Their sense of purpose and ownership over their lives will significantly increase if they have the abilities to reflect on their emotions and realize that they are in charge of how they feel.

3. Negative ideas might result from negative emotions

Dissatisfied thoughts may result if we find it difficult to recognize when we are unhappy.

It is crucial that we teach kids that they are in control of their own thinking. They will have a different perspective and view situations differently if they spend a lot of time thinking negative thoughts like “I am not good enough” or “No one likes me.”

Teaching youngsters that they have the ability to choose their thoughts and that their thoughts are their own can alter views and shape them into young people who can frame negative in a positive light, be happier, and have self-confidence.

Children should be taught that anything is possible if they believe they can. All they need to do is accept it as true. Taking note of our feelings of unhappiness and correcting our negative beliefs is the first step to achieving better mental health and wellbeing.

4. It implies that we can seek assistance

We occasionally need support from individuals close to us, such as our parents or caregivers, teachers, or friends, when we’re feeling low.

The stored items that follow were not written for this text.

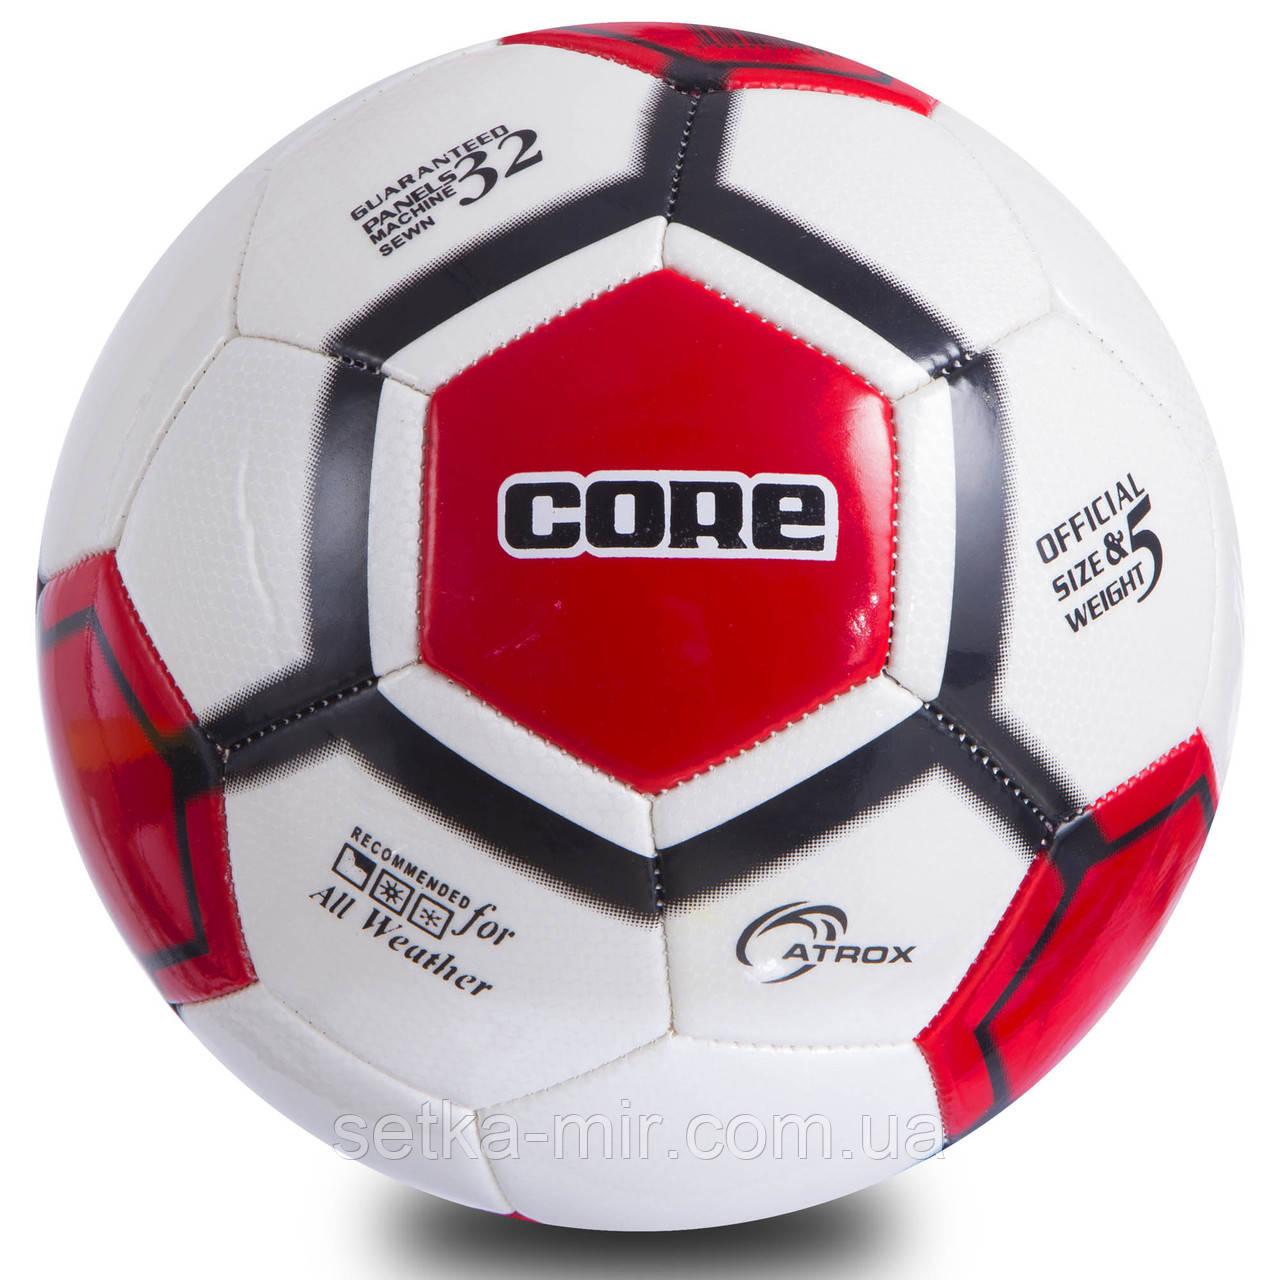 Мяч футбольный №5 PVC Сшит машинным способом CORE ATROX CRM-052 (5сл., белый-черный-красный)
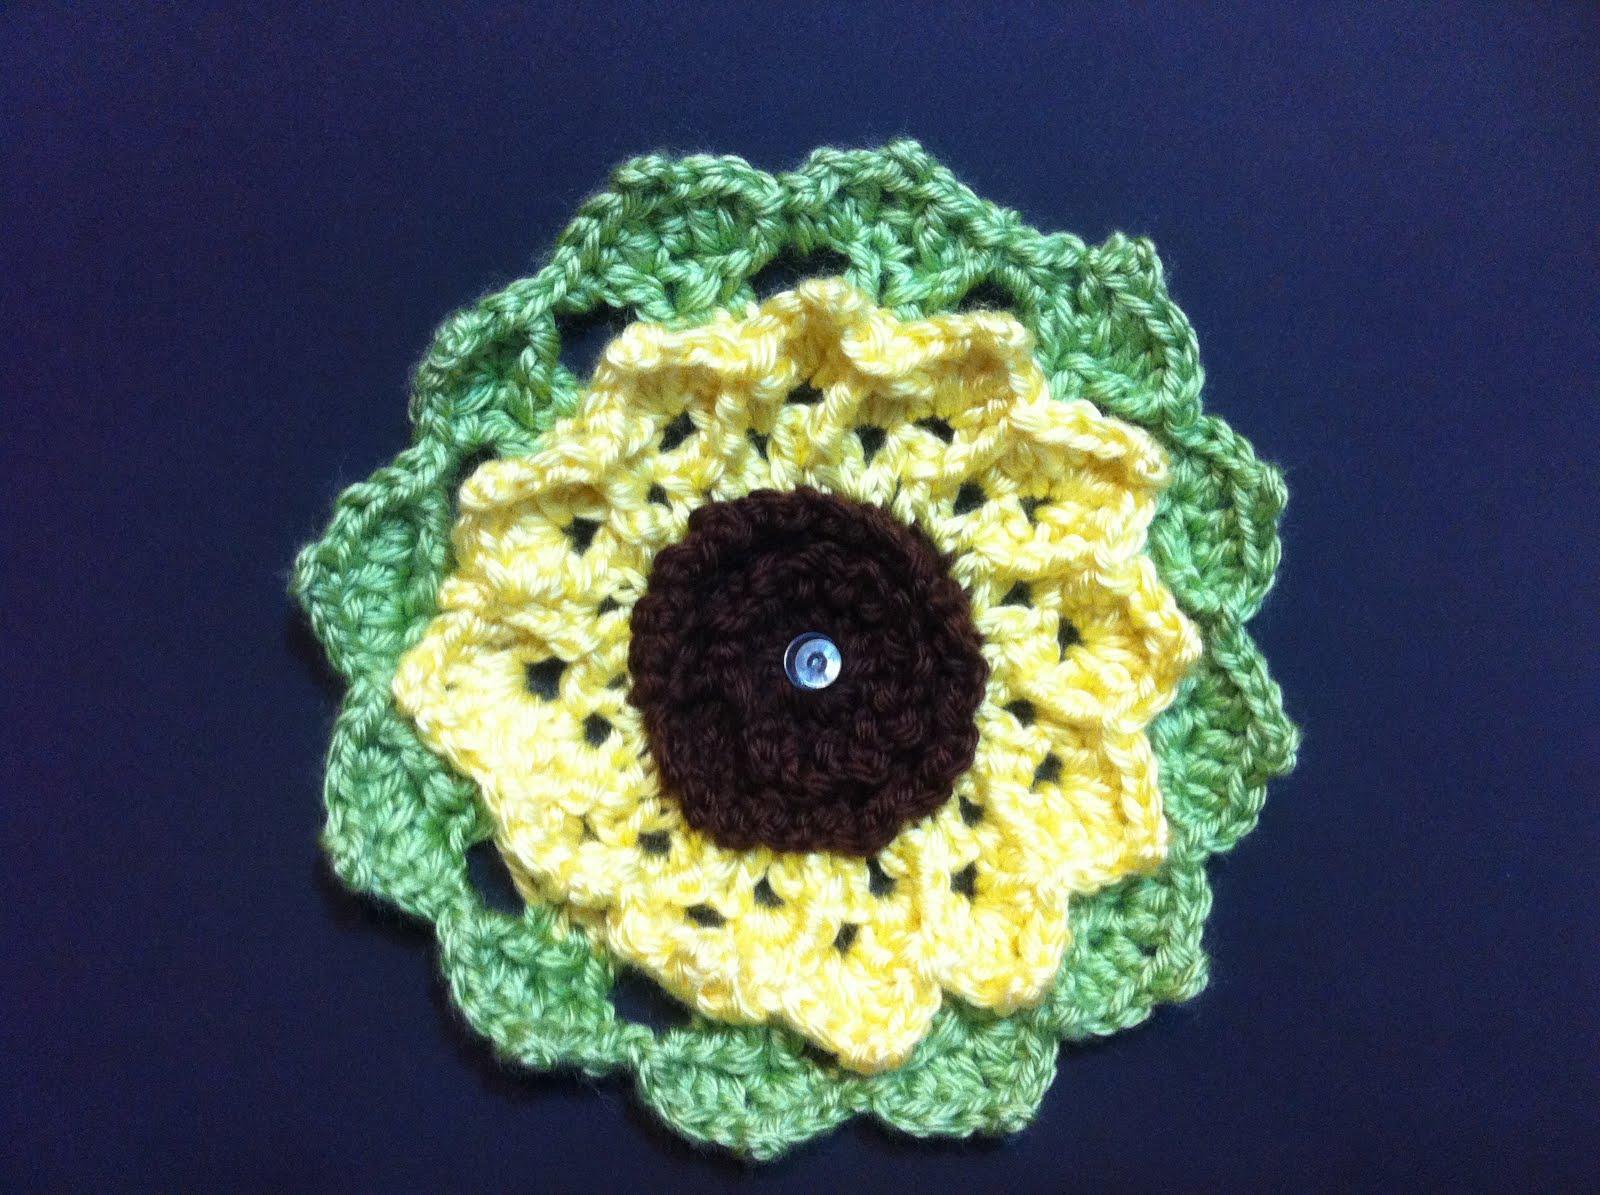 http://3.bp.blogspot.com/-guzd8t0U9bA/Tca4T0hHitI/AAAAAAAAAFg/wC9f-C3V2Oc/s1600/sunflower2.JPG
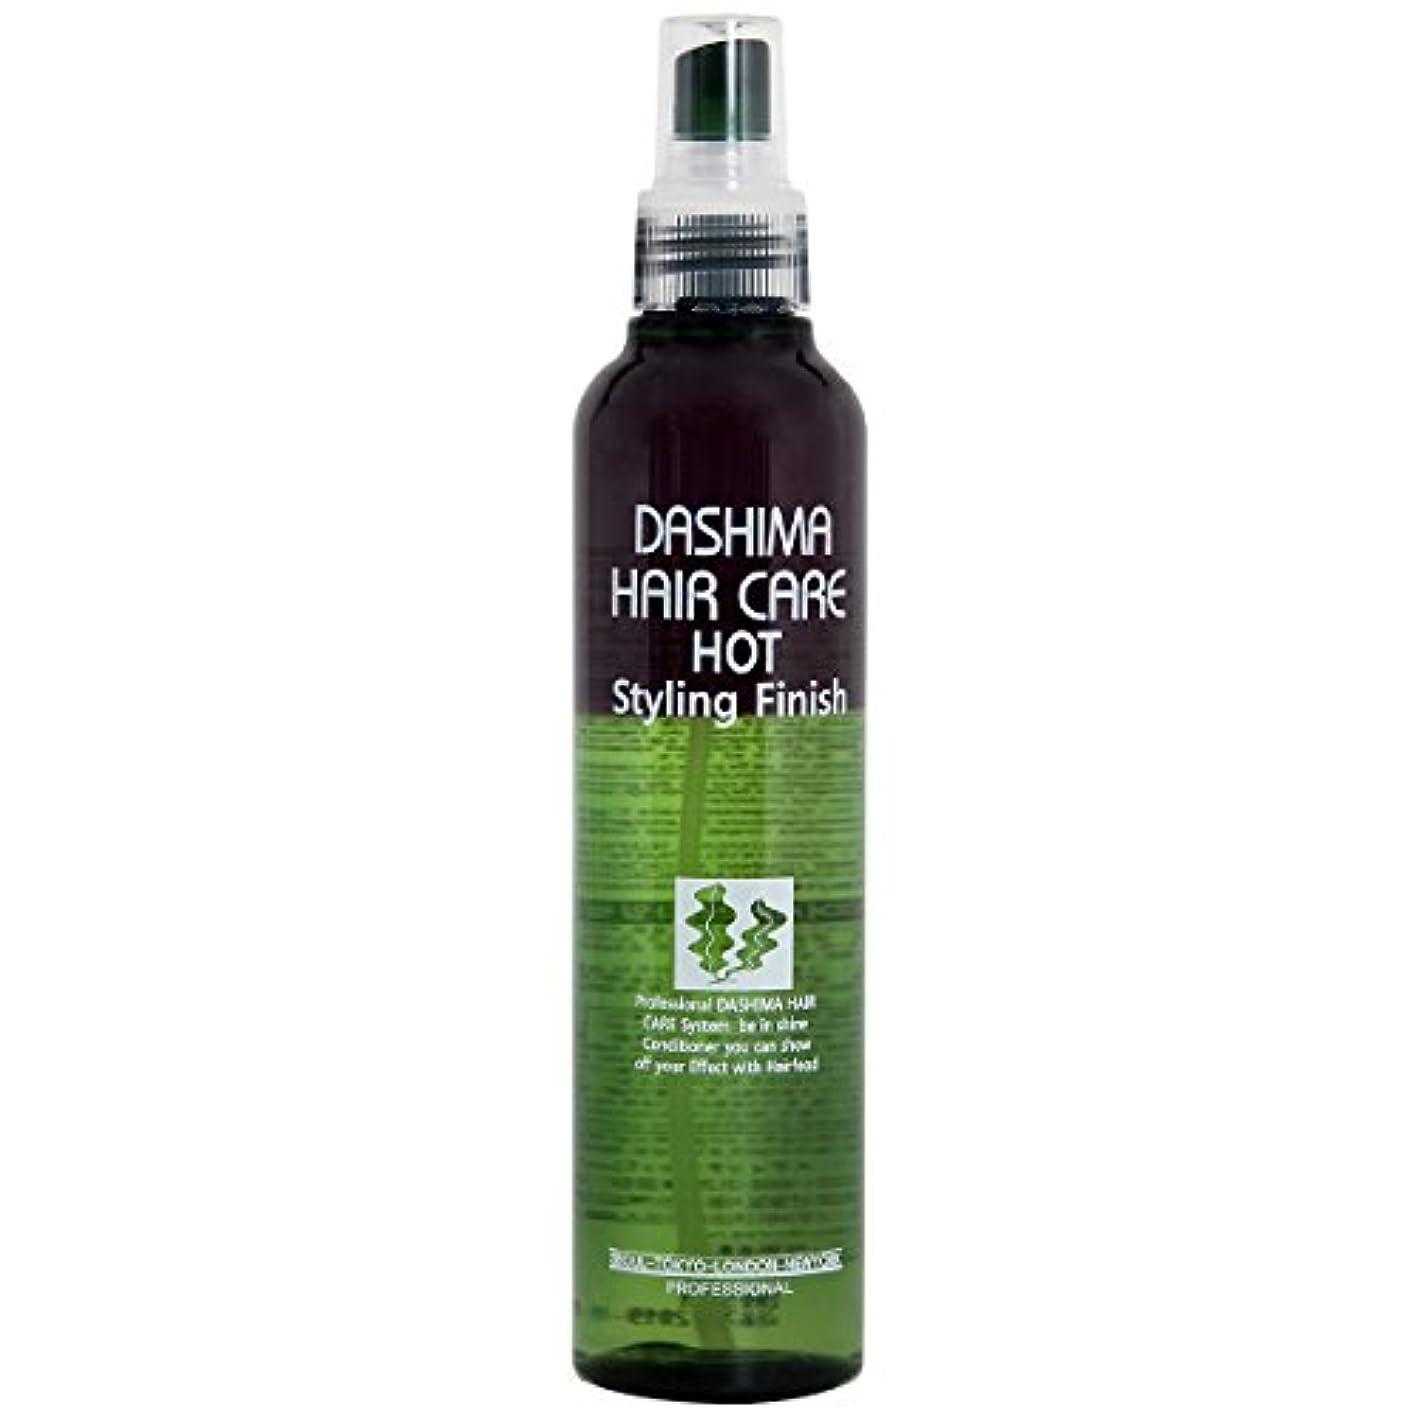 ぺディカブ目覚める管理ダシマヘアケアハッスタイルリングピニスィ250ml(DASHIMA HAIR CARE Hot Styling Finish 250ml)
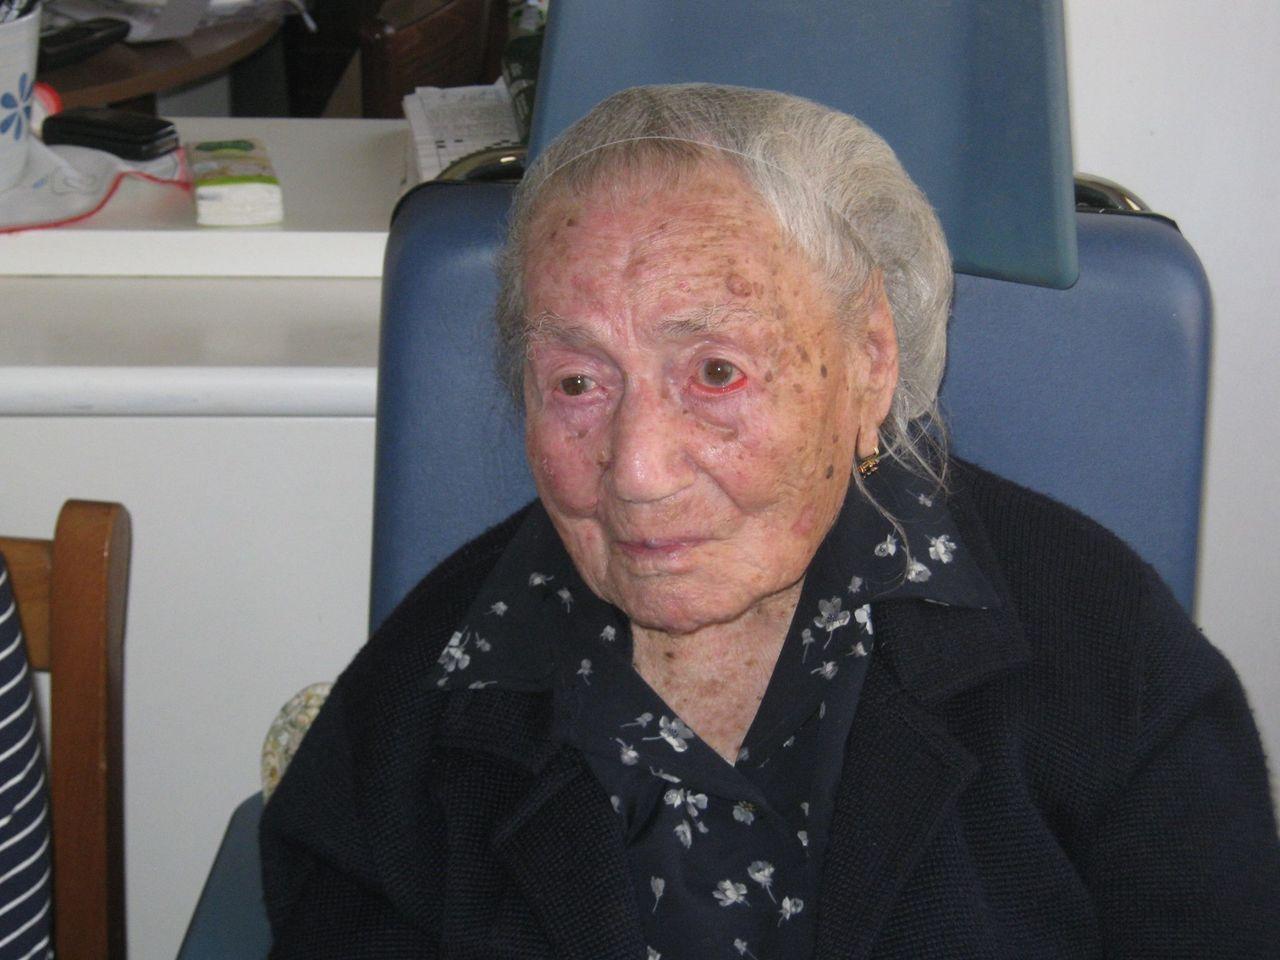 На117-м году жизни погибла старейшая женщина Европы

It’s crucial to know when you need support managing your emotions, and kids frequently struggle to do so on their own. To learn how to calm down, they require continuing emotional counseling and assistance.

Often, when they feel overwhelmed by their emotions, kids only need a cuddle from a trusted adult. or a sympathetic ear that focuses on their feelings rather than the circumstances, listening without passing judgment. Children need to be aware that they may confide in an adult who will be there to listen and support them through any difficult emotions.

Children can develop good emotional regulation skills by learning how to communicate with those around them and determining what they need to be of assistance.

5. It enhances your friendships

When you are adept at identifying, controlling, and expressing your own emotions, you may assist others in doing the same.

Children who become highly adept at reading others’ emotions will be able to recognize when those around them aren’t feeling very joyful, and they’ll be able to react appropriately and offer assistance.

As they mature, they will be able to support their siblings, friends, and those around them, which will improve their relationships.’

This article of Wsulawreview may eventually result in unproductive coping mechanisms like self-harm or even suicidal thoughts. Speak to a loved one you can trust if you start to experience suicidal thoughts or urges to harm yourself so they can assist you receive support immediately away.